Turn on the datasheet of a microcontroller, usually, you will find more than 300 pages in front of you.
It is time-consuming and inefficient to read the pages one after one, hence knowing which specifications are important is very necessary and helpful.
In this article, TECHDesign will introduce the most essential specifications when choosing a microcontroller, which are core, clock frequency, memory size, input/output, power mode, communication protocol, and security.
The core and core numbers of a microcontroller determine its features and powerfulness. The popular microcontroller cores are the Cortex-M series from Arm, 8051 series from Intel, PIC series from Microchip, and AVR series from Atmel. Among them, Arm Cortex-M and 8-bit 8051 series are used the most often.
The clock frequency of a microcontroller directly determines its throughput. The higher the clock frequency is, the speedy the microcontroller performs. High-frequency microcontrollers are suitable for supporting intensive computing requirements (such as DSP function). One of the leading microcontroller suppliers Nuvoton provides NUC505 and M481/482/483/484/485/487 series with clock frequencies more than 100MHz.

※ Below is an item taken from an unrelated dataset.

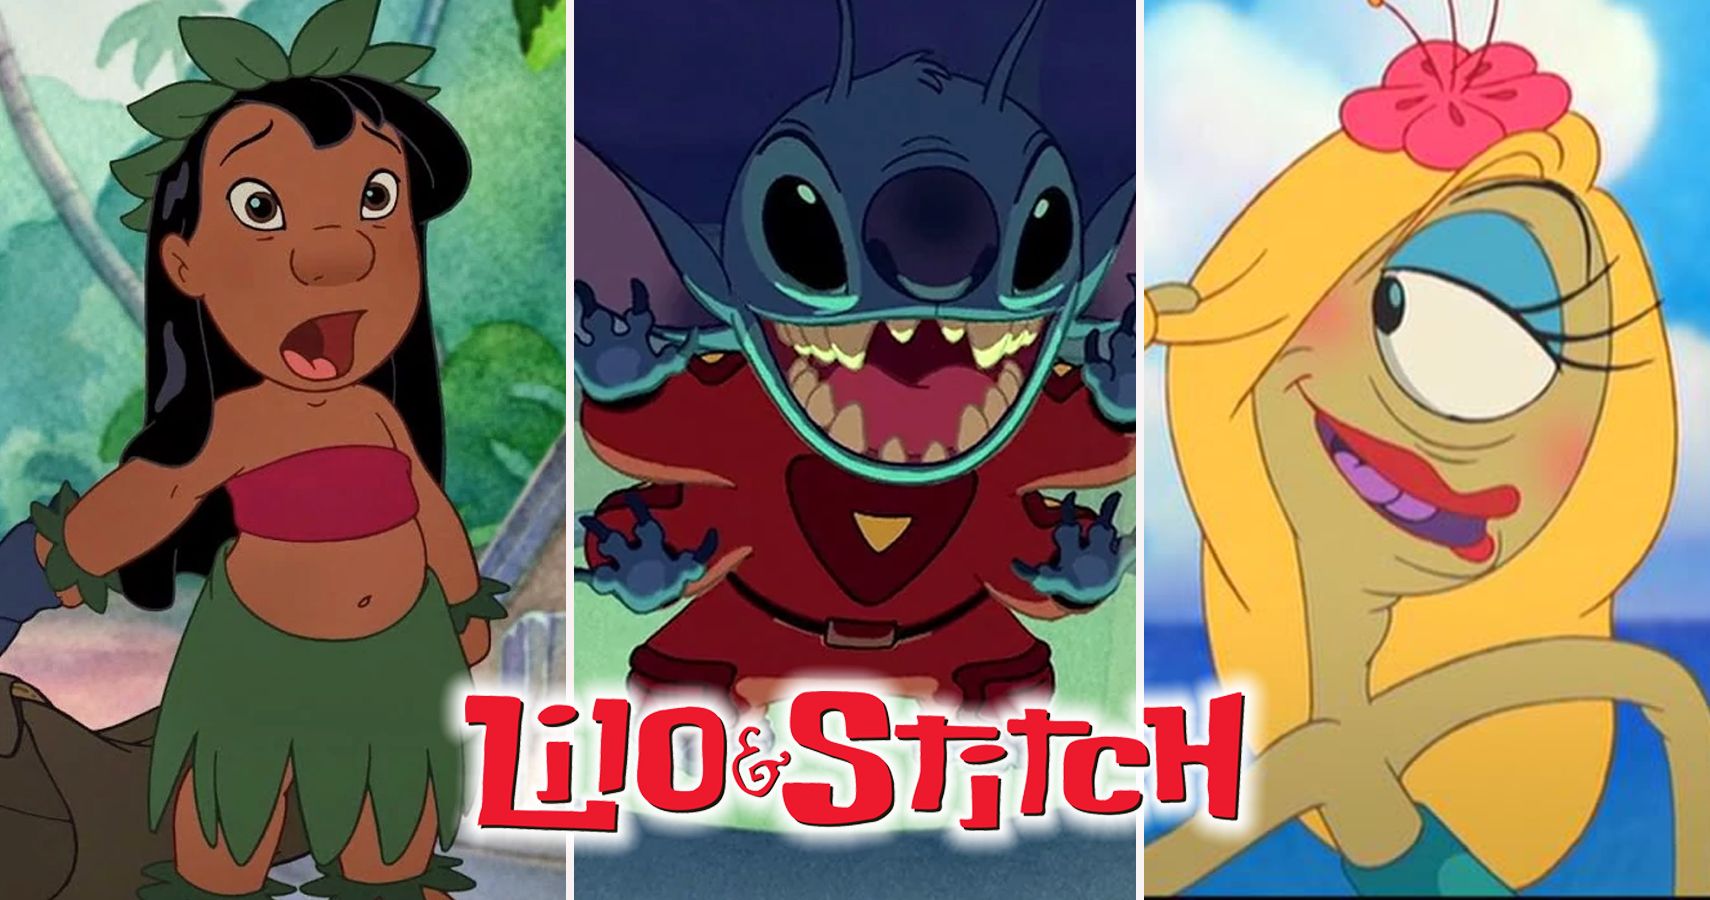 Disney Lilo and Stitch - Sitting Wall Poster, 22.375 x 34

A microcontroller is equipped with RAM for data storage and Flash memory for program storage. With various memory sizes, microcontrollers can be used to run with different systems. The following table indicates the functions that microcontrollers with various memory sizes can support.
I/O (Input/Output) pins in a microcontroller generally refer to GPIO (general purpose input and output) pins that can be configured into input, output, or bidirectional. Confirming the numbers of I/O pins required for your application will help you choose suitable microcontrollers.
Besides, rather than having DACs (Digital to Analog Converters), most microcontrollers are equipped with ADCs (Analogue to Digital Converters) to read analog inputs. Therefore, check if the microcontroller has a built-in DAC when you need an analog output.
There are several power modes in a microcontroller, and each of them represents different functions enabled.
For instance, in most microcontrollers of Nuvoton, Normal mode, Idle mode, and Power-down mode are provided. The CPU clock and peripherals can be enabled or disabled in Normal mode; when the microcontroller enters Idle mode, the peripherals can still work with the CPU clock is disabled.
In Power-down mode, the system (does not need to work for a long time); most clocks and peripherals are disabled. Various Power-down modes refer to the power-saving capability of a microcontroller; in Nuvoton M251/M252 series, Power-down mode can be classified into Normal Power-down mode, Deep Power-down mode, and Fast Wake-up Power-down mode with different power consumption levels.
Communication protocols are one of the critical specifications of a microcontroller. The more protocols a microcontroller supports, the more communication capabilities it performs.
I2C (Inter Integrated Circuit), SPI (Serial Peripheral Interface), USB (Universal Serial Bus), UART (Universal Asynchronous Receiver Transmitter), and CAN (Controller Area Network) are commonly used protocols that help microcontrollers communicate with other devices.
I2C uses 2 bus lines including SDA (Serial Data Line) and SCL (Serial Clock Line) to transmit data between devices; SPI uses 4 bus lines including SCLK (Serial Clock), MOSI (Master Out Slave In), MISO (Master In Slave Out), and CS/SS (Chip/Slave Select) to transmit data, USB can transmit a huge amount of data with its speedy characteristic, and UART is designed for sequential communication, and usually fits low-speed peripherals like debugging ports, low-speed modems, etc.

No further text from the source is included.